I have often been asked about how I planned my career to end up with the general manager role at the South Island Alliance Programme Office.
It has certainly not been a planned career but one where I have taken up opportunities as they have come along.I started work as a pharmacist and after realising early on that retail pharmacy wasn’t for me, I began working as a hospital pharmacist. While working in Perth, Western Australia, I gained a Diploma in Clinical Pharmacy and in Hospital Pharmacy Organisation and Management.
When I returned to New Zealand in 1996 I made a conscious decision to move out of pharmacy although it took some time to lose that hat!In 1997 I started work with the Midland Regional Health Authority and then the Health Funding Authority.
These were great roles to expand my understanding of the health system. After supporting the establishment of the Midland DHBs I took on a role managing GP networks in the Bay of Plenty and Taupo area, which later included supporting the establishment of three PHOs in the area.From there I was appointed to a role as the regional service planner for the Midland DHBs. This role used my experience working across the health sector and my work with teams across many services as a clinical pharmacist. At the end of 2008, I moved to Christchurch and took on a similar role for the South Island DHBs.
Early in 2011 the South Island DHBs chief executives and board chairs agreed to form the South Island Alliance. At the time the decision was made I had just been appointed as the acting general manager for the then, South Island Shared Services Agency Ltd (SISSAL). The alliance approach was to support better care for the population of the South Island through collaboration. 2011 proved to be a challenging year in more ways than one, with the earthquake of 22 February meaning the loss of the SISSAL office, alongside a review of all the regional activities and moving these to clinically led collaborations and a restructure of the staffing model to support the alliance approach.

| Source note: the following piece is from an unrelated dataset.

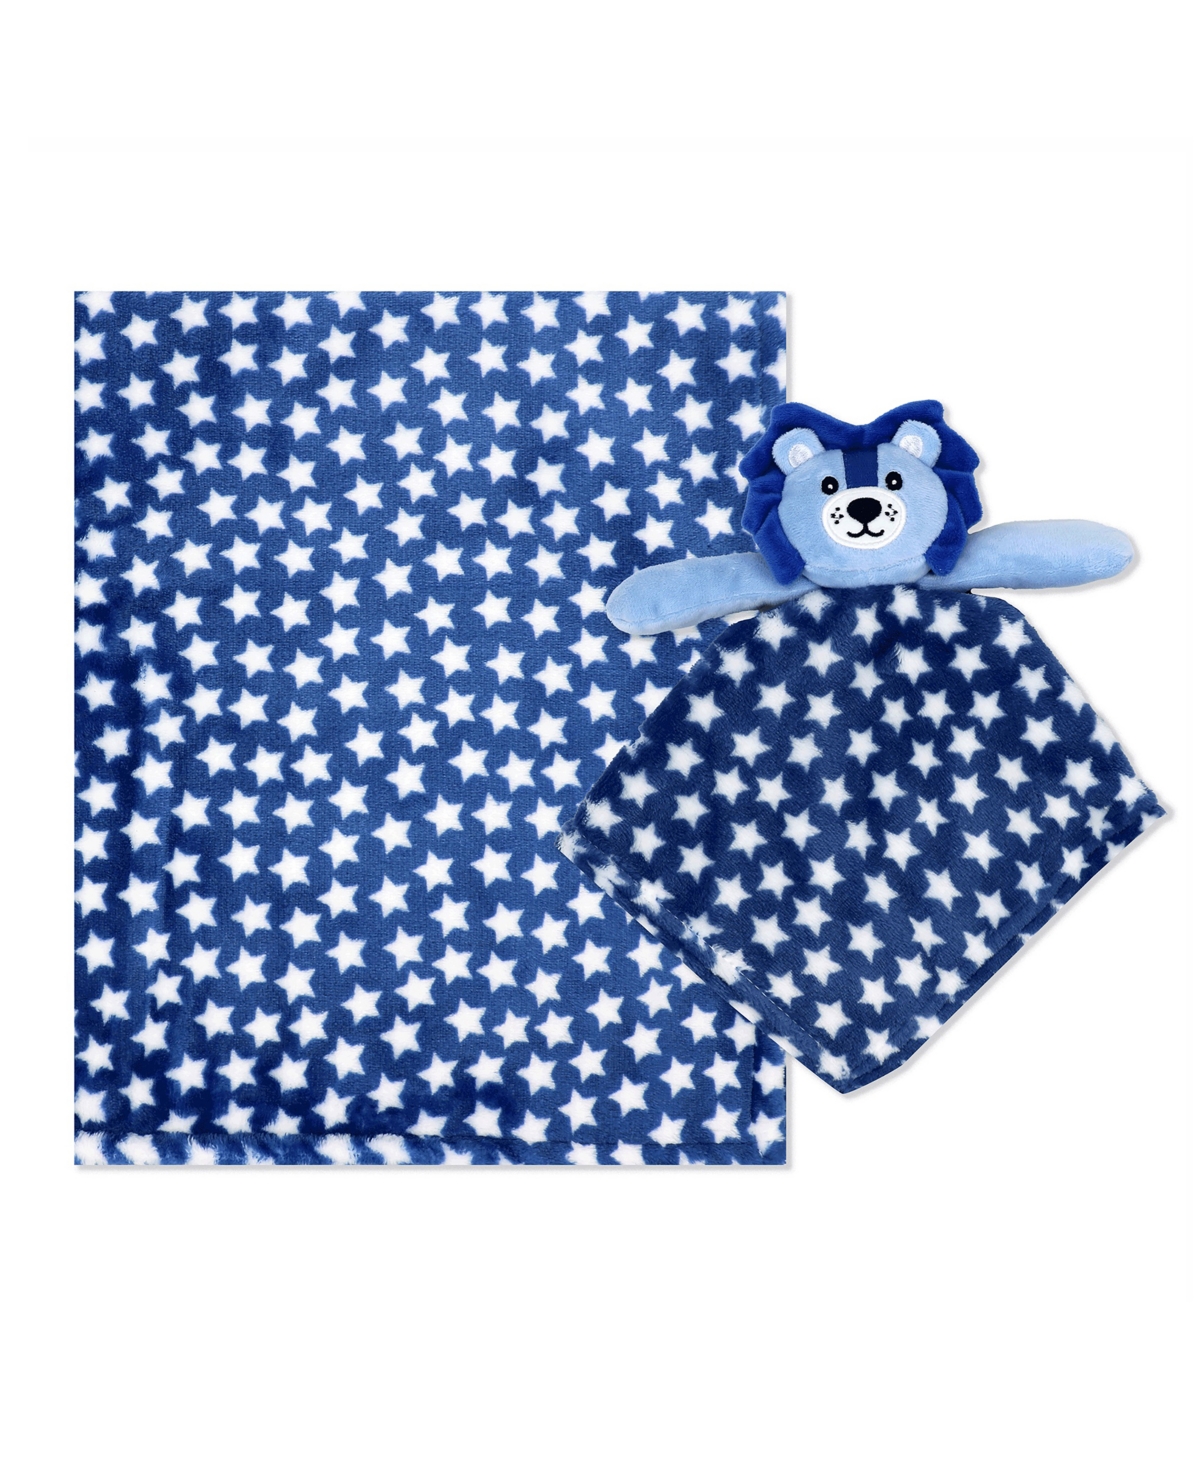 3 Stories Trading Baby Boys Blanket And Nunu, 2 Piece Set In Navy Stars

Was this a good move for the South Island health system? Absolutely! We have gone from working as five individual organisations concerned about the implications of any proposal or decision on their DHB, to one where we are focused on the region as a whole. Is it a perfect system? Maybe not, but I’m not sure there is such a system. The relationships that have developed allow DHBs to come together in service level alliances and workstreams, as well as communicating outside of the formal work. This allows issues to be discussed before they escalate to something more major. The work is focussed on supporting a sustainable health system for the South Island, not one of the DHBs can function alone. Even Canterbury as the largest will struggle to pick up services that ‘fall over’ in a smaller DHB if this is not part of a planned process.

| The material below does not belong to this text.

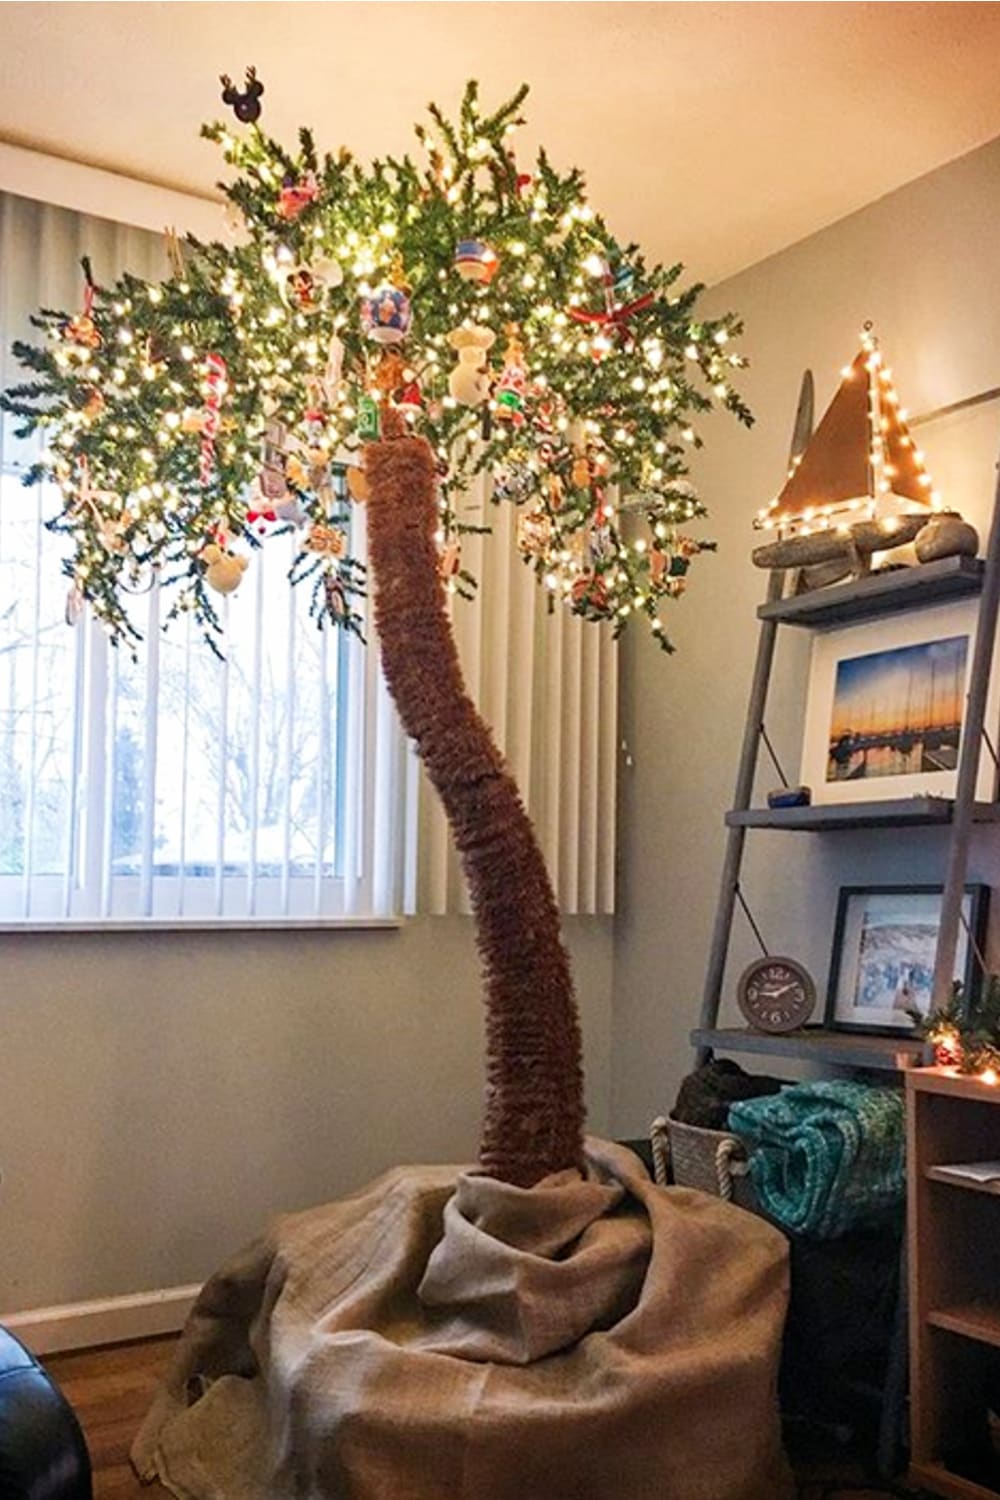 Christmas Tree ideas and unique Christmas tree alternatives - this palm tree Christmas tree is an affordable Christmas tree alternative for small spaces (small houses and apartments) -  I love a palm Christmas tree (or Christmas palm tree?) - fun and easy way to decorate your home for Christmas with a tropical flair - see more fake palm trees decorated for Christmas.

This has been a great job for me! I have loved working with the motivated team at the South Island Alliance Programme Office, the Board, Alliance Leadership Team and SPaIT (or Strategic Planning & Integration Team), alongside all of the team members that have stood up to the challenge of supporting the South Island DHBs under our ‘best for people, best for system’ framework. We have made a difference across so many aspects of health services but we must continually review what we do, so a review of the South Island Alliance is currently underway.
This is to ensure we are still focussed on the right things that will make a difference for our population.For me, after working in health for over 40 years, I have decided to step down from my full-time work. I finish here on 19 May with some sadness but also believing the Alliance is in a good space and that this is the right time for a new person to take it forward. I would like to acknowledge the commitment of the staff and the members of each and every South Island Alliance team. This work is generally over and above their day jobs, but they commit because it is the ‘right’ thing to do for our people.